TARGET SINDIKAT GARUT – Tim Unit IV Pelayanan Perempuan dan Anak (PPA) Satuan Reserse Kriminal Polres Garut berhasil mengamankan seorang pria berinisial A (20), warga Kecamatan Caringin, terkait dugaan tindak pidana kekerasan seksual terhadap anak di bawah umur. Penahanan terhadap tersangka dilakukan pada Rabu, 8 April 2026, setelah proses penyelidikan dan penyidikan yang intensif.
Kasat Reserse Kriminal Polres Garut, AKP Joko Prihatin, menjelaskan bahwa kasus ini bermula dari laporan keprihatinan orang tua korban. Ayah dari anak di bawah umur tersebut melapor ke pihak kepolisian setelah mengetahui peristiwa naas yang menimpa putrinya.
Peristiwa bermula pada Minggu, 29 Maret 2026 sekitar pukul 13.00 WIB, di kawasan pesisir Pantai Ciawi, Desa Samuderajaya, Kecamatan Caringin. Berdasarkan hasil pemeriksaan, tersangka diketahui mengajak korban yang masih berusia 15 tahun untuk bertemu di lokasi tersebut dengan modus menjanjikan uang jajan dan ajakan berfoto bersama.
Sesampainya di lokasi, keduanya sempat berbincang sebelum tersangka mengajak korban menuju area yang lebih sepi, tepatnya di balik rimbunnya semak-semak dengan alasan untuk berteduh. Di tempat itulah, tersangka diduga melakukan perbuatan asusila dan tindakan tidak senonoh terhadap korban.
Mendapat kabar mengenai peristiwa tersebut, keluarga korban tidak tinggal diam dan segera membawa laporan ke kantor Polres Garut untuk diproses secara hukum.
“Saat ini tersangka telah kami amankan dan menjalani proses hukum. Atas perbuatannya, pelaku kami jerat dengan ketentuan dalam Undang-Undang Nomor 1 Tahun 2023 tentang Kitab Undang-Undang Hukum Pidana, khususnya pasal yang mengatur mengenai tindak pidana kekerasan seksual terhadap anak,” tegas AKP Joko Prihatin.

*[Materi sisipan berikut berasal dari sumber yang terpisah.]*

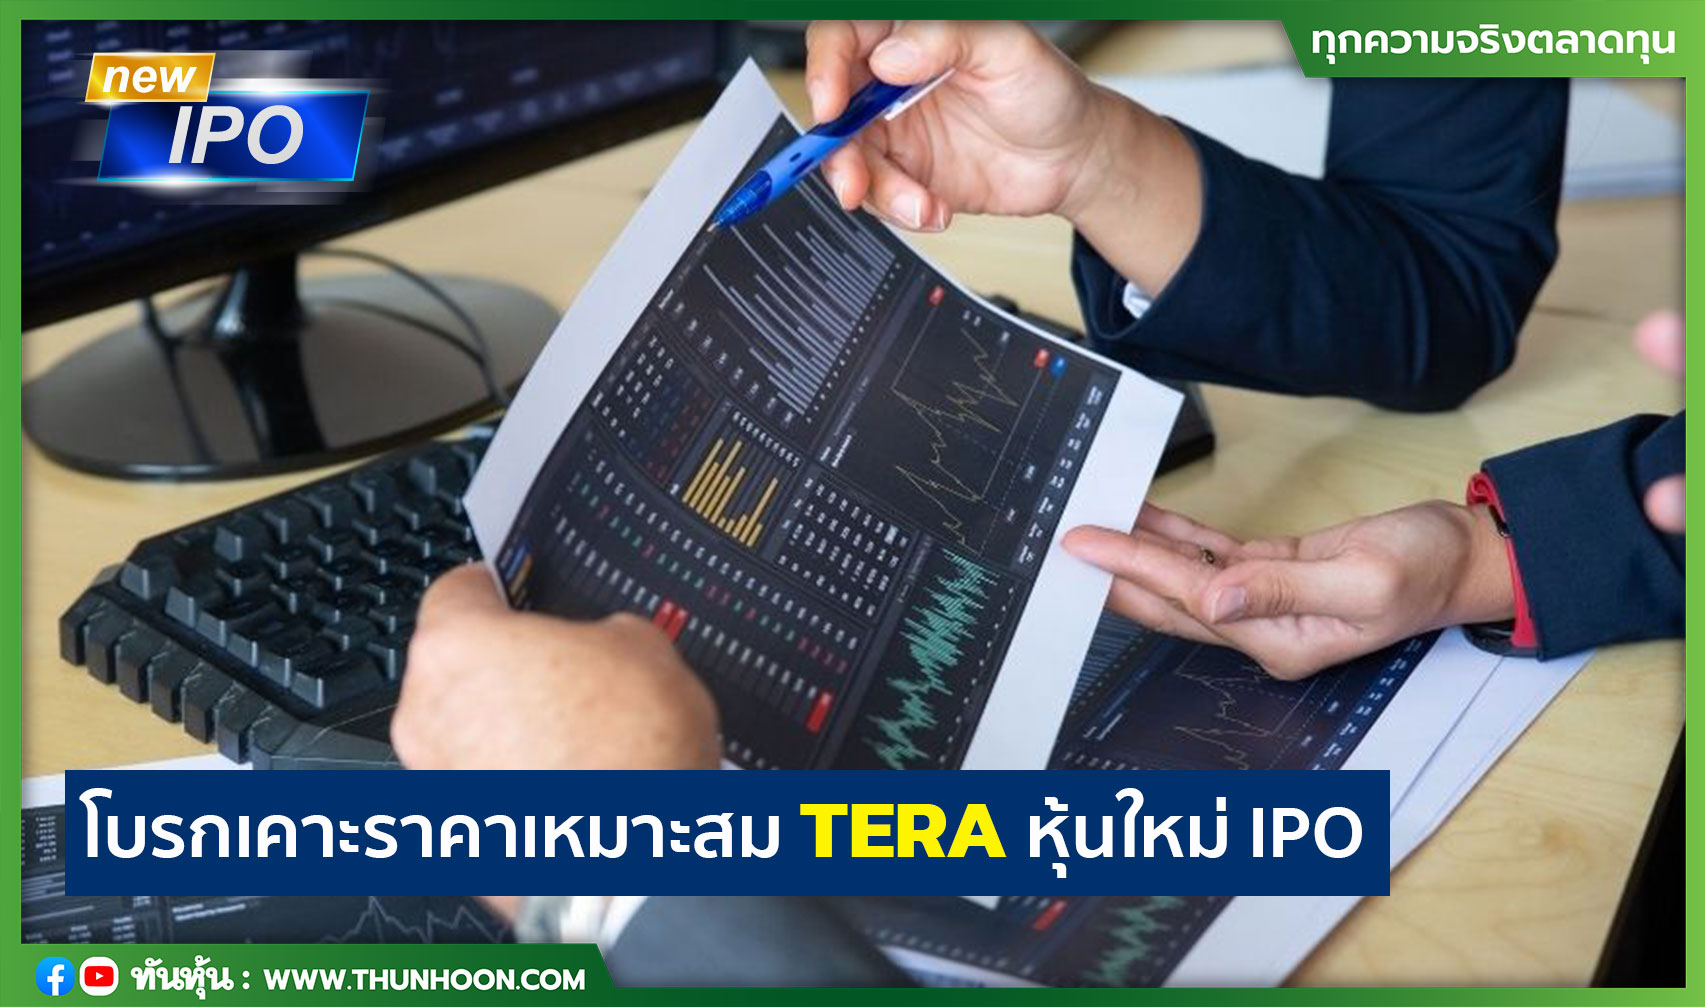 You are currently viewing โบรกเคาะราคาเหมาะสม TERA หุ้นใหม่ IPO

Pihak kepolisian juga menegaskan komitmennya untuk memberikan perlindungan maksimal bagi korban dan menindak tegas pelaku. Di akhir keterangannya, Polres Garut mengimbau masyarakat agar semakin meningkatkan kewaspadaan dan kepedulian terhadap keselamatan anak-anak di lingkungan sekitar. Segala bentuk indikasi kekerasan, terutama yang menyasar anak di bawah umur, diharapkan segera dilaporkan agar dapat ditindaklanjuti dengan cepat demi mencegah terulangnya kejadian serupa.